Bacterial lysis. Genomic DNA was extracted from one colony suspended in 200 µl of Tris-EDTA buffer (10 mM Tris, 1 mM EDTA). One hundred milligrams of glass beads (diameter, 100 µm; Schieritz and Hauenstein, Arlesheim, Switzerland) was added to the suspension, and bacteria were lysed by vortexing at maximum power for 45 s. The liquid phase was cleared of beads and bacterial debris by centrifugation, and a 5-µl aliquot was used for quantitative PCR (qPCR) assays.

Nucleic acid detection by qPCR and analysis. Each analysis was performed in triplicate; the nucleic acids from the reference strains were simultaneously assayed in each run. Conditions for the amplification on the SDS 7700 (Applied Biosystems) were as follows: t₁, 2 min at 50°C; t₂, 10 min at 95°C; t₃, 15 s at 95°C; t₄, 1 min at 60°C (t₃ and t₄ were repeated 30 times). The volume of the PCR mixture (Eurogentec, Seraing, Belgium) was 20 µl and contained all primers and probes (Table 1) at 100 and 50 nM, respectively. Default analysis parameters were used with the SDS 1.9 software; the standard deviation of fluorescence values recorded from cycles 3 to 15 was multiplied by 10 to define the cycle threshold line.

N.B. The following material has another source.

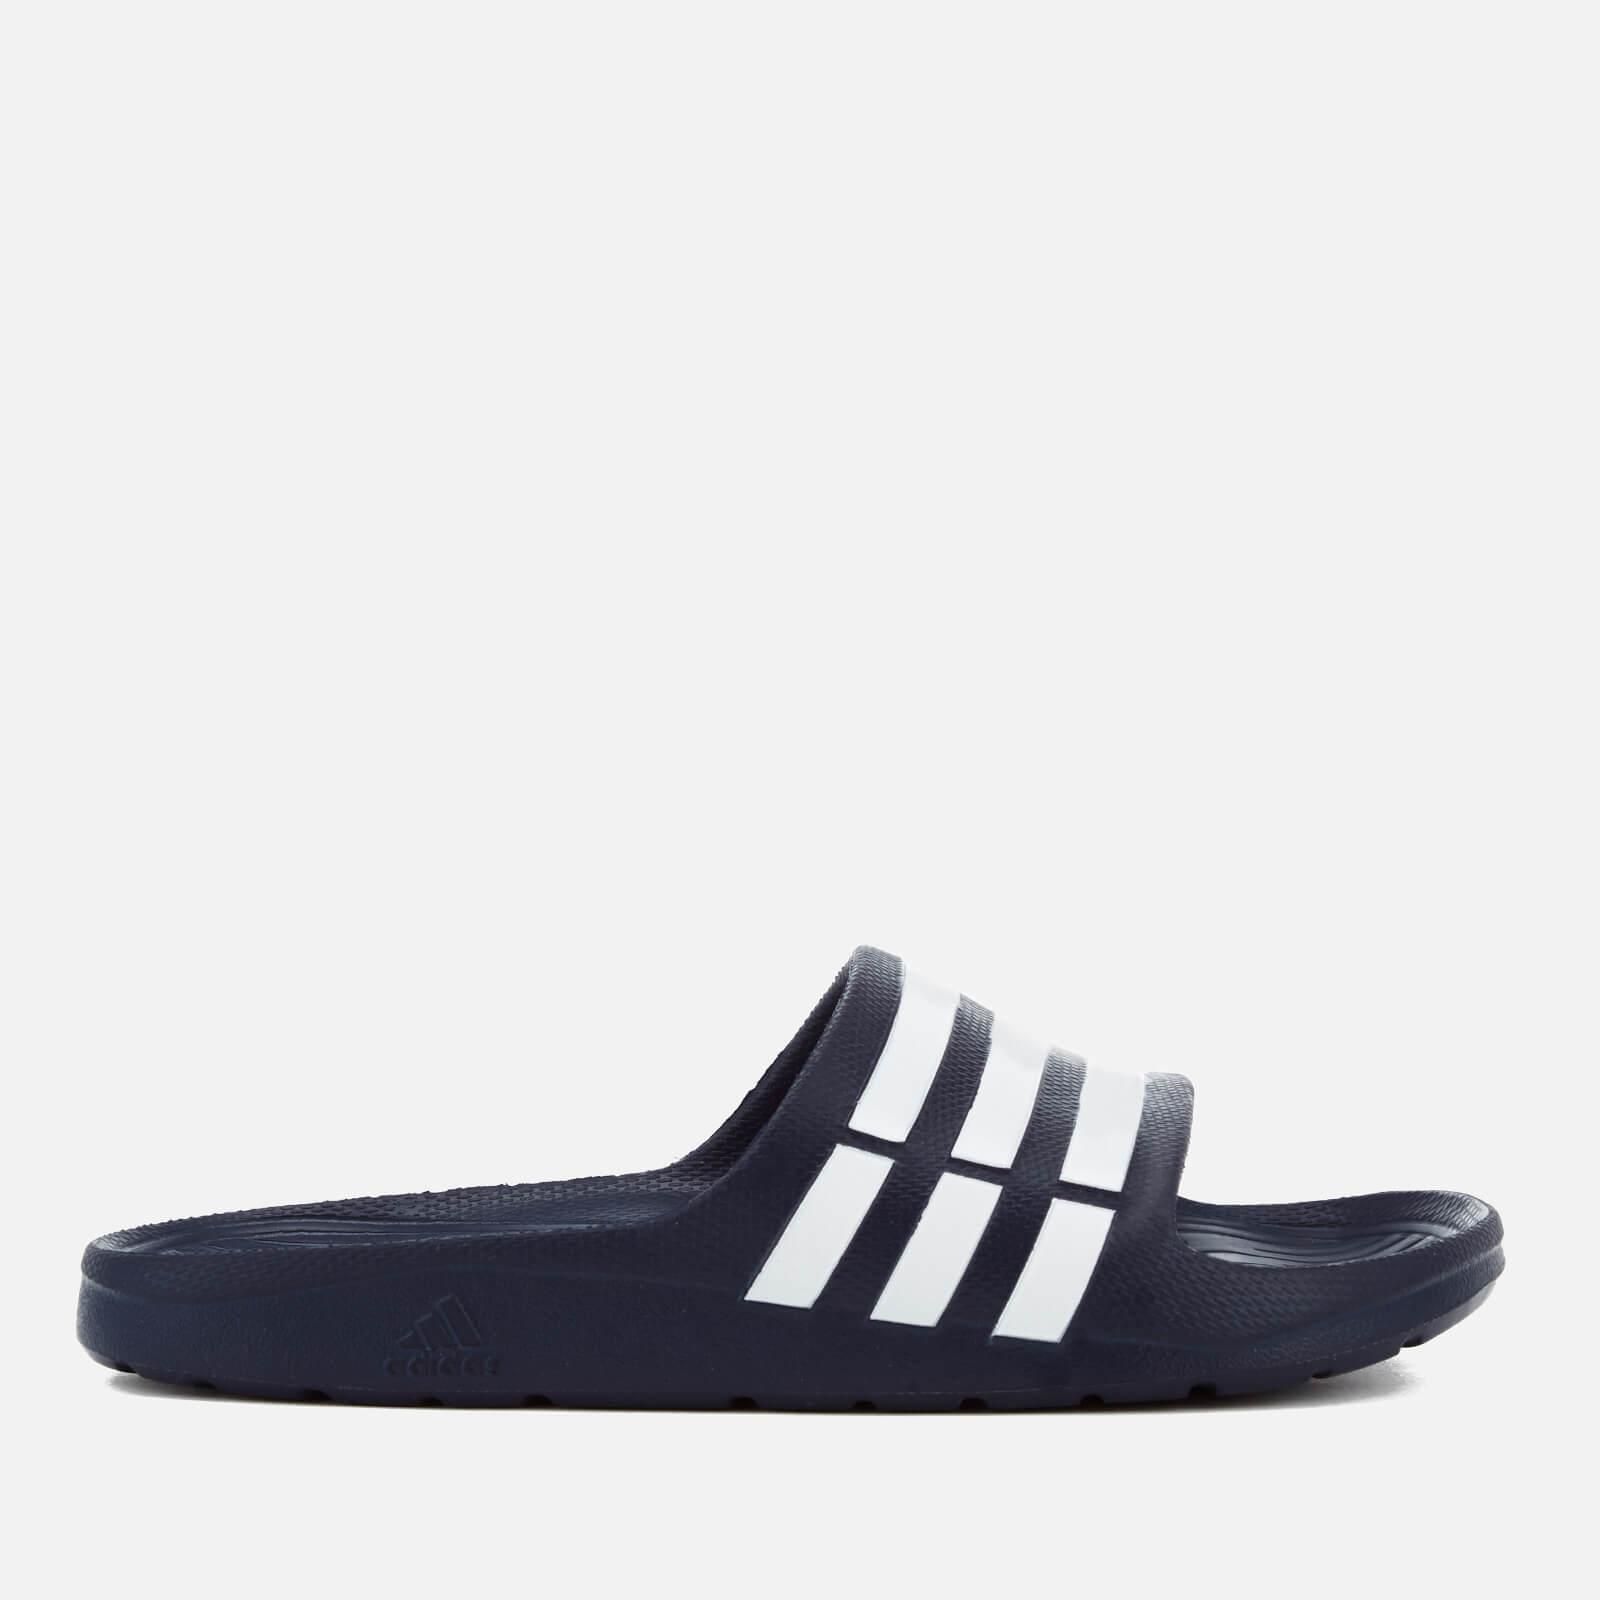 adidas Duramo Slide Sandals - Dark Blue - UK 6

Cycle thresholds were derived from the intercept between this line and the signal obtained during the qPCR. A reaction was considered positive when fluorescence levels exceeded the detection threshold between cycles 15 and 30.

Of the 399 MRSA isolates, 10 failed to produce signals with any of the four qPCR primers and probes. We amplified by PCR (with Pfu from Stratagene, La Jolla, Calif.) and sequenced a portion of the SCC-mec elements in both directions with an ABI Prism 3100 sequencer (Applied Biosystems). The SCC-mec type was then determined by sequence comparison with BLAST (http://www.ncbi.nlm.nih.gov/BLAST/).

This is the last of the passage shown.